The output is the line containing "3 Brasseurs Anjou" plus every later line down to the end of the listing below, copied exactly. No pictures belong in it.

* _The data_
--

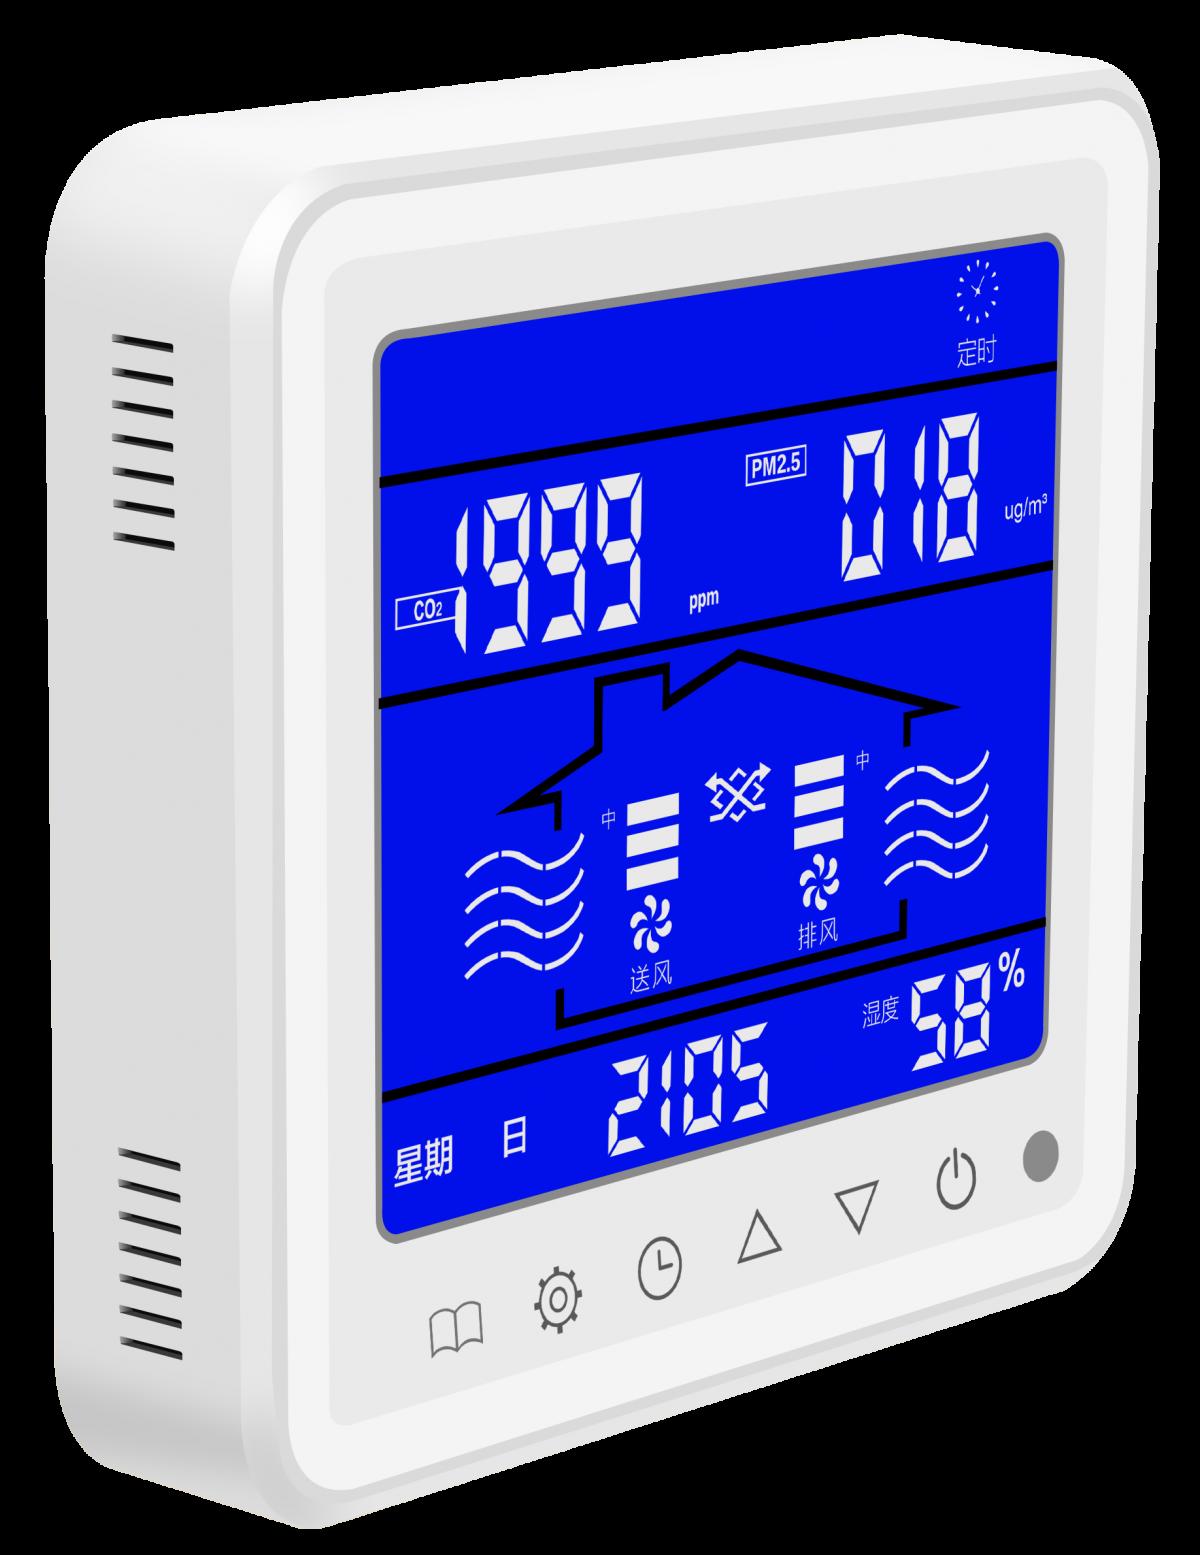 KF-600E新風智能控制器大屏顯示五合一液晶開關面板
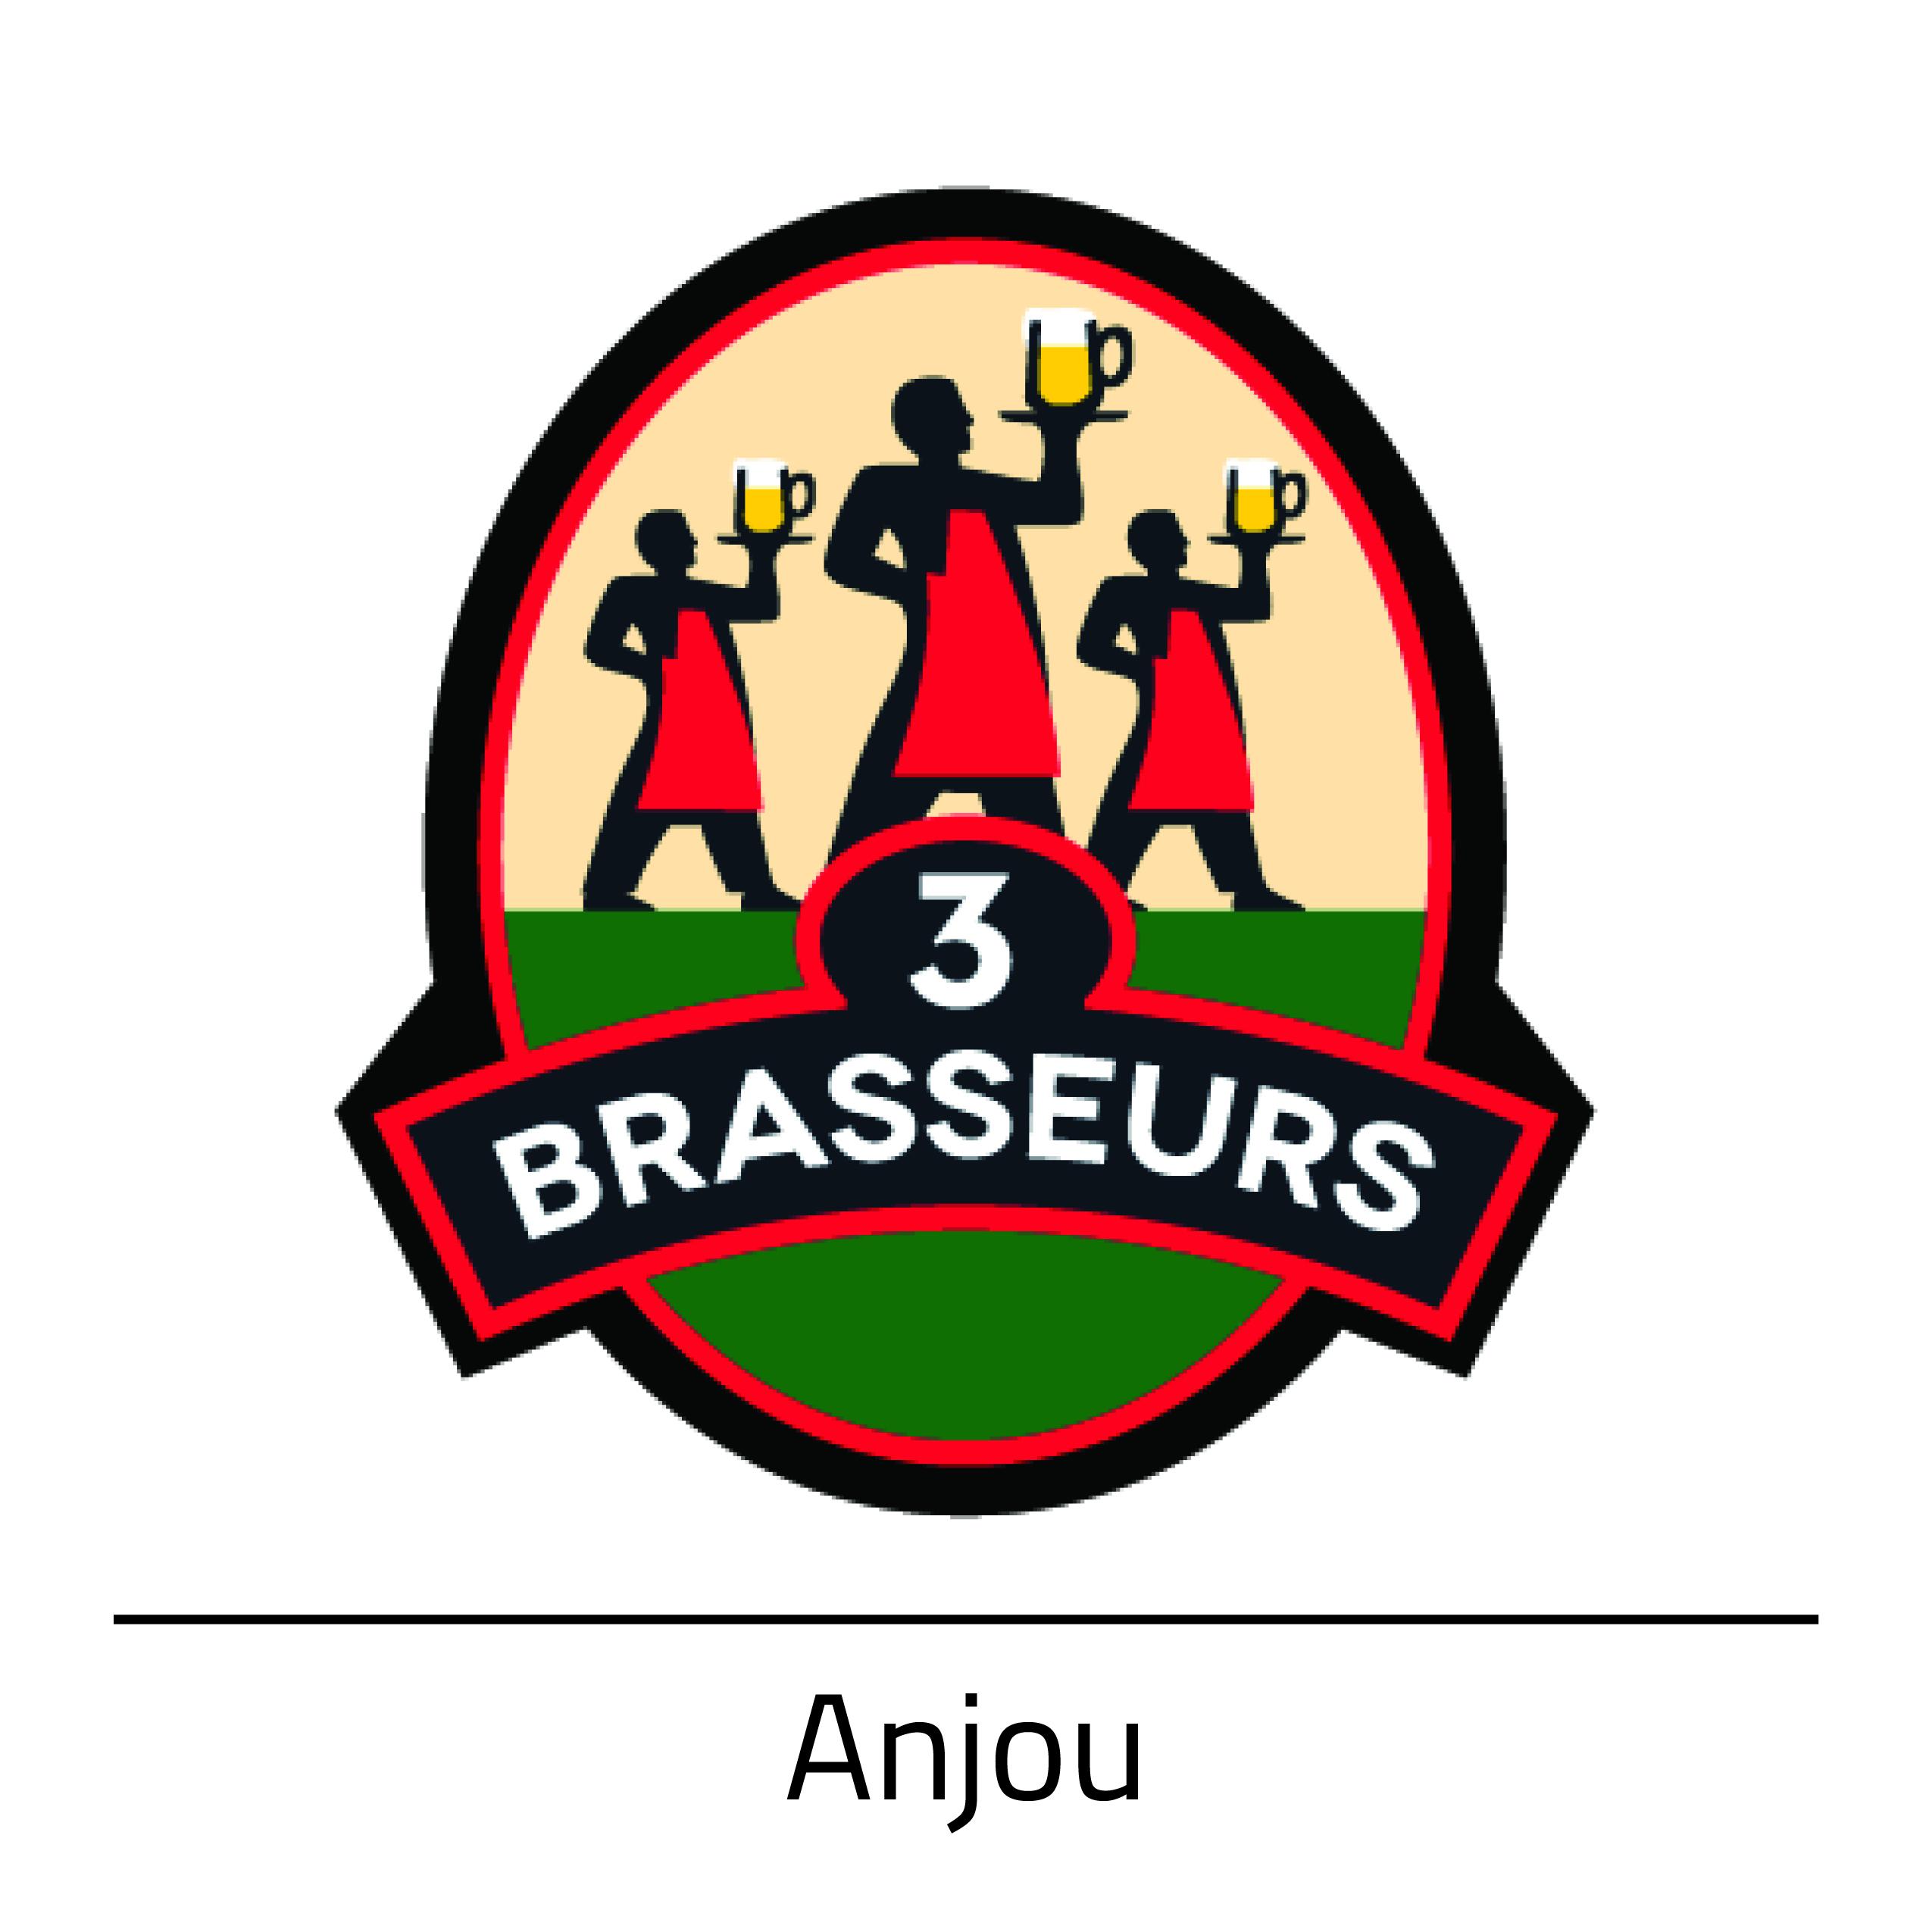 3 Brasseurs Anjou
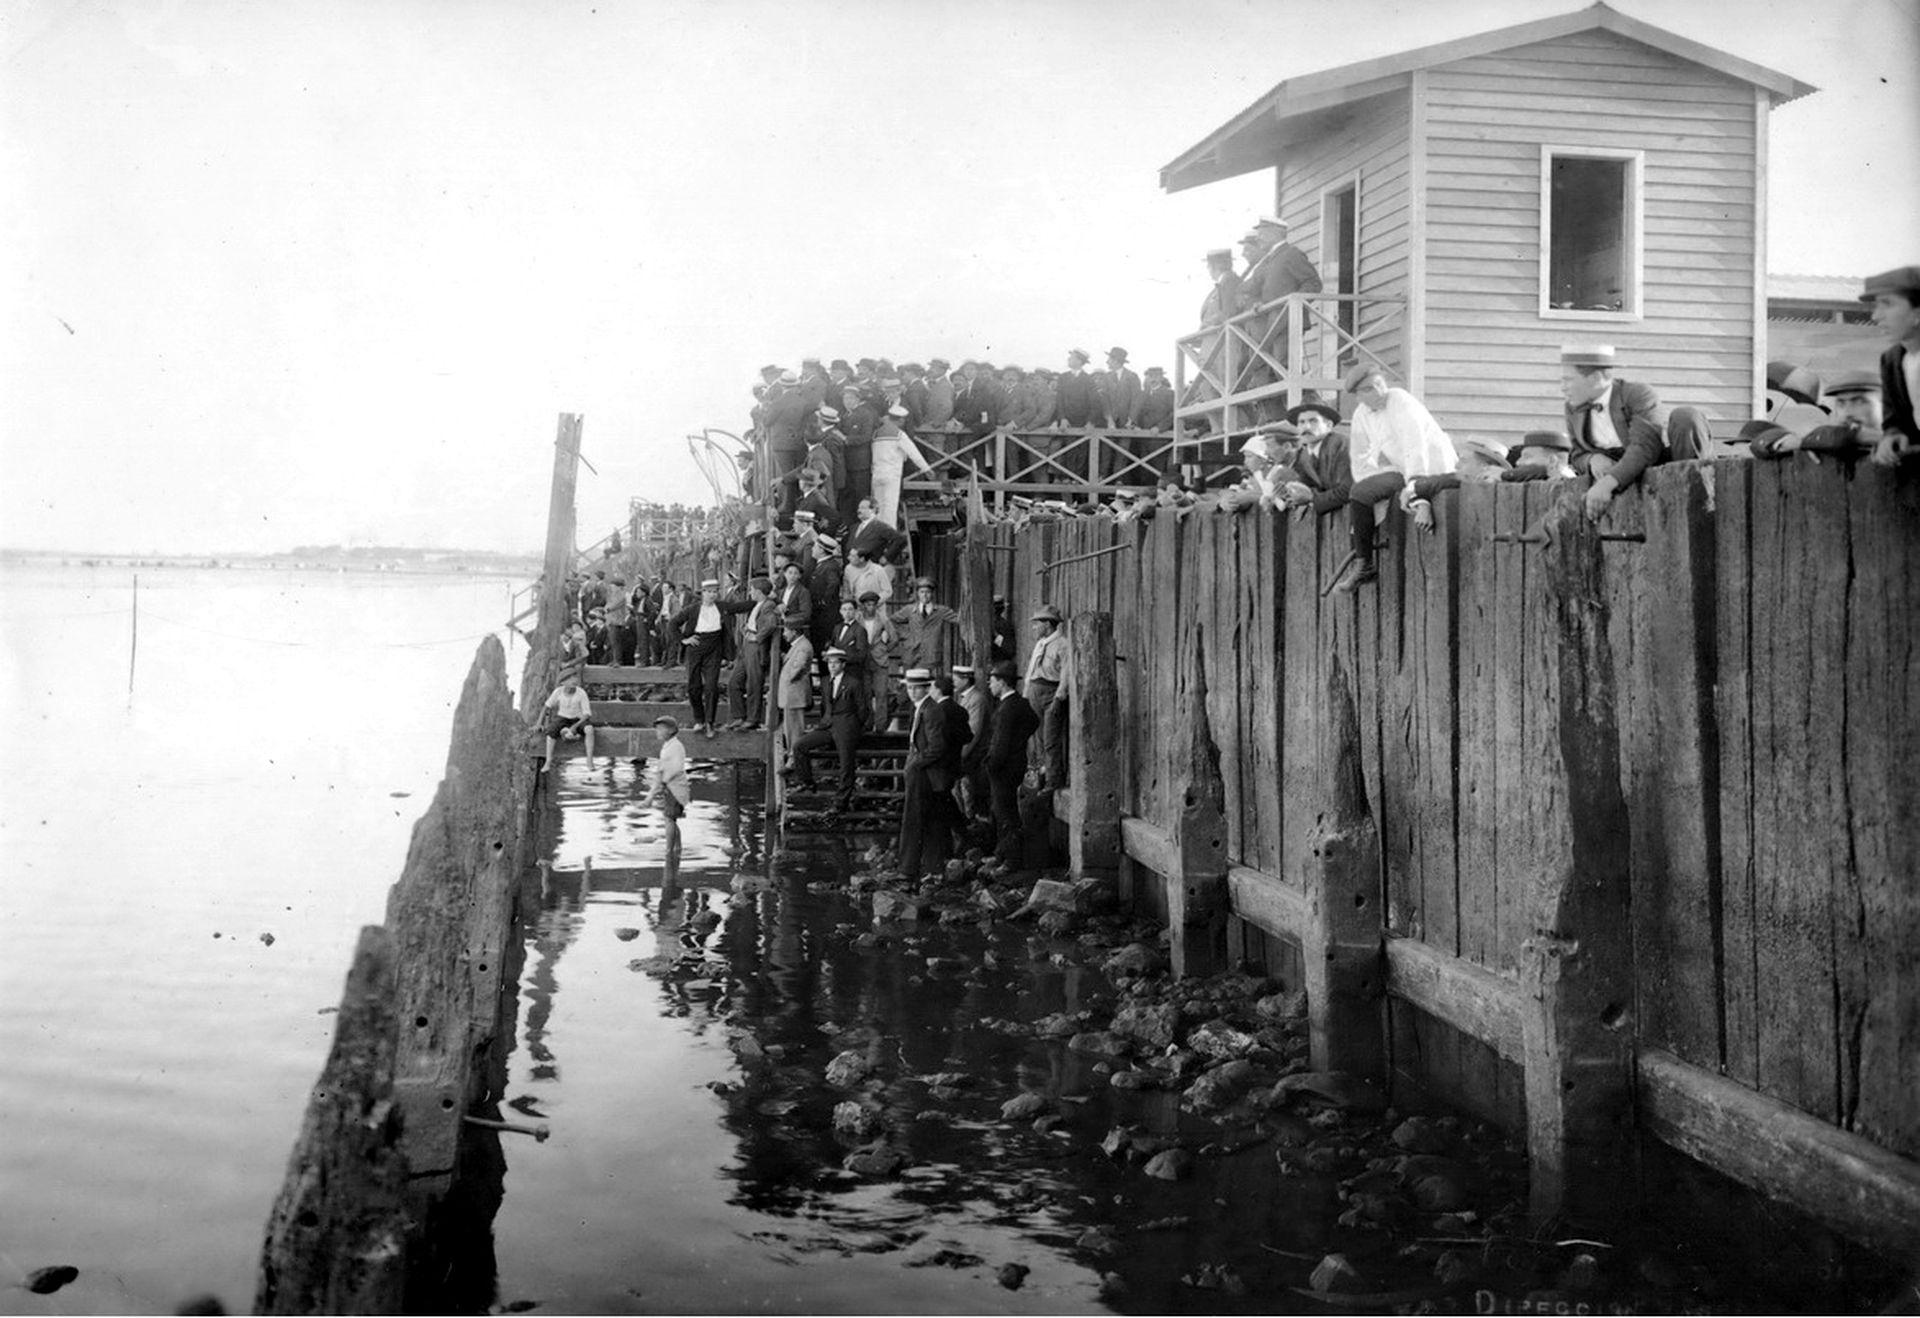 Las defensas exteriores del puerto, construidas en madera, fueron inútiles desde su construcción. En la foto una imagen del estado en el que se encontraban. Fueron reemplazadas, en 1918, por el Balneario Municipal de Costanera Sur.

--

* _Answer to this task_
 3 Brasseurs Anjou
 Las defensas exteriores del puerto, construidas en madera, fueron inútiles desde su construcción. En la foto una imagen del estado en el que se encontraban. Fueron reemplazadas, en 1918, por el Balneario Municipal de Costanera Sur.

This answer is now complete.